You have a few options to accomplish this, each with their own advantages and disadvantages.
Argument Lists
Let's get the easy one out of the way first: passing your data structures will most definitely create a copy for each process. It sounds like this is not what you want.
Managers and Proxies
I recommend you try this method out first. The multiprocessing library supports proxy objects. These act like aliases to shared objects and are easy to use if you're dealing with native types like lists and dictionaries. This method even allows you to safely modify the shared objects without having to worry about the lock details, because the manager will take care of them. Since you mentioned lists, this may be your best bet. You can also create proxies to your own custom objects.
Global Data Structures
In some situations, an acceptable solution is to make your data structures global as an alternative to passing them as arguments. They will not be copied between processes if you only read from them.
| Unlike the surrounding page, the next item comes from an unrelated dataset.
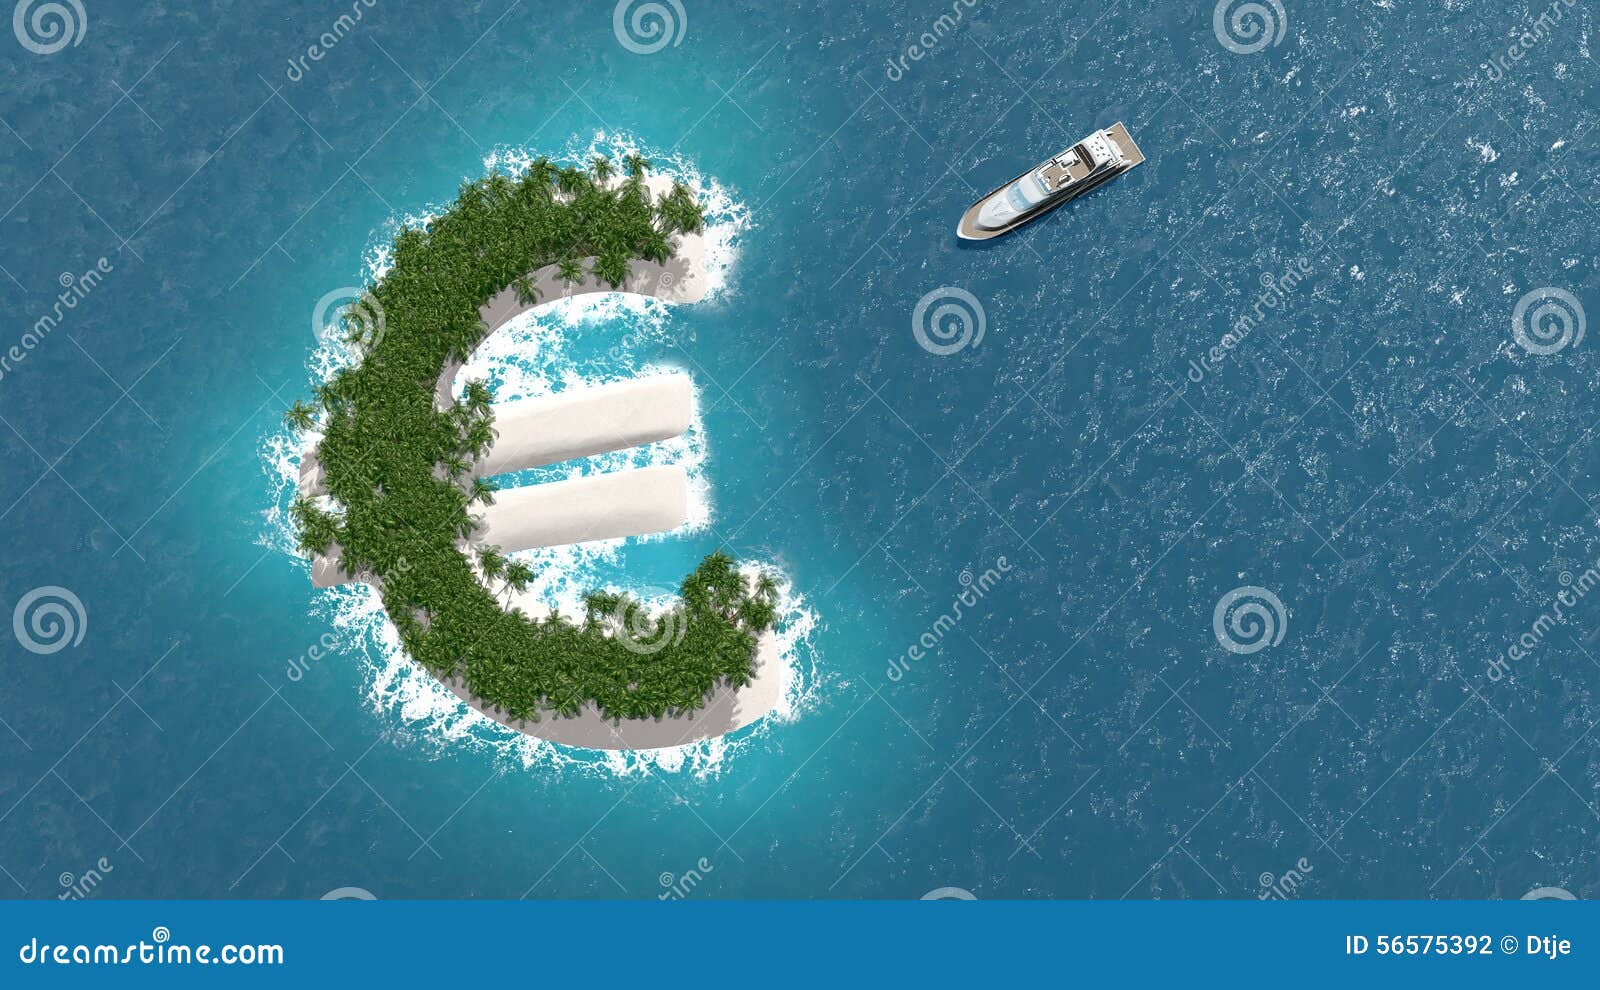 tax haven, financial or wealth evasion on a euro island. a luxury boat is sailing to the island.

This can trip people up when they don't realize that creating a local reference to a global variable counts as writing to it because the variable's reference count must be incremented. This is how the garbage collector knows when memory can be freed: if an object's reference count is zero, then no one is using it and it can be removed. Here's a code snippet that demonstrates this:
import sys
import multiprocessing
global_var = [1, 2, 3]
def no_effect1():
print(global_var[0] + global_var[1])
print("No Effect Count: {}".format(sys.getrefcount(global_var)))
return
def no_effect2():
new_list = [i for i in global_var]
print("New List Count: {}".format(sys.getrefcount(global_var)))
def change1():
local_handle = global_var
print("Local Handle Count: {}".format(sys.getrefcount(global_var)))
def change2():
new_dict = {'item':global_var}
print("Contained Count: {}".format(sys.getrefcount(global_var)))
p_list = [multiprocessing.Process(target=no_effect1),
multiprocessing.Process(target=no_effect2),
multiprocessing.Process(target=change1),
multiprocessing.Process(target=change2)]
for p in p_list:
p.start()
for p in p_list:
p.join()
p.join()
This code produces this output:
3
No Effect Count: 2
New List Count: 2
Local Handle Count: 3
Contained Count: 3
In the no_effect1()
function, we are able to read and use data from the global structure without increasing the ref count. no_effect2()
constructs a new list from the global structures. In both cases, we are reading the globals, but not creating any local references to the same underlying memory. If you use your global data structures in this way, then you will not cause them to be copied between processes.
However, notice that in change1()
and change2()
the reference count was incremented because we bound a local variable to the same data structure. This means we have modified the global structure and it will be copied.
Shared Ctypes
If you can finesse your shared data into C arrays, you can use shared Ctypes. These are arrays (or single values) that are allocated from shared memory. You can then pass around a wrapper without the underlying data being copied.
MMAP
You can also create a shared memory-map to put data into, but it can get complicated, and I would only recommend doing it if the proxy and global options don't work for you. There is a blog post here that has a decent example.
Other Thoughts
One nitpicky point: In your question, you referred to a "VM". Since you didn't specify that you're running on a VM, I assume you're referring to the Python interpreter as a VM. Keep in mind that Python is an interpreter, and does not provide a virtual machine environment like Java. The line is certainly blurred and the correct use of the terminology is open for debate, but people generally don't refer to the Python interpreter as a VM. See the excellent answers to this SO question for a more nuanced explanation of the differences.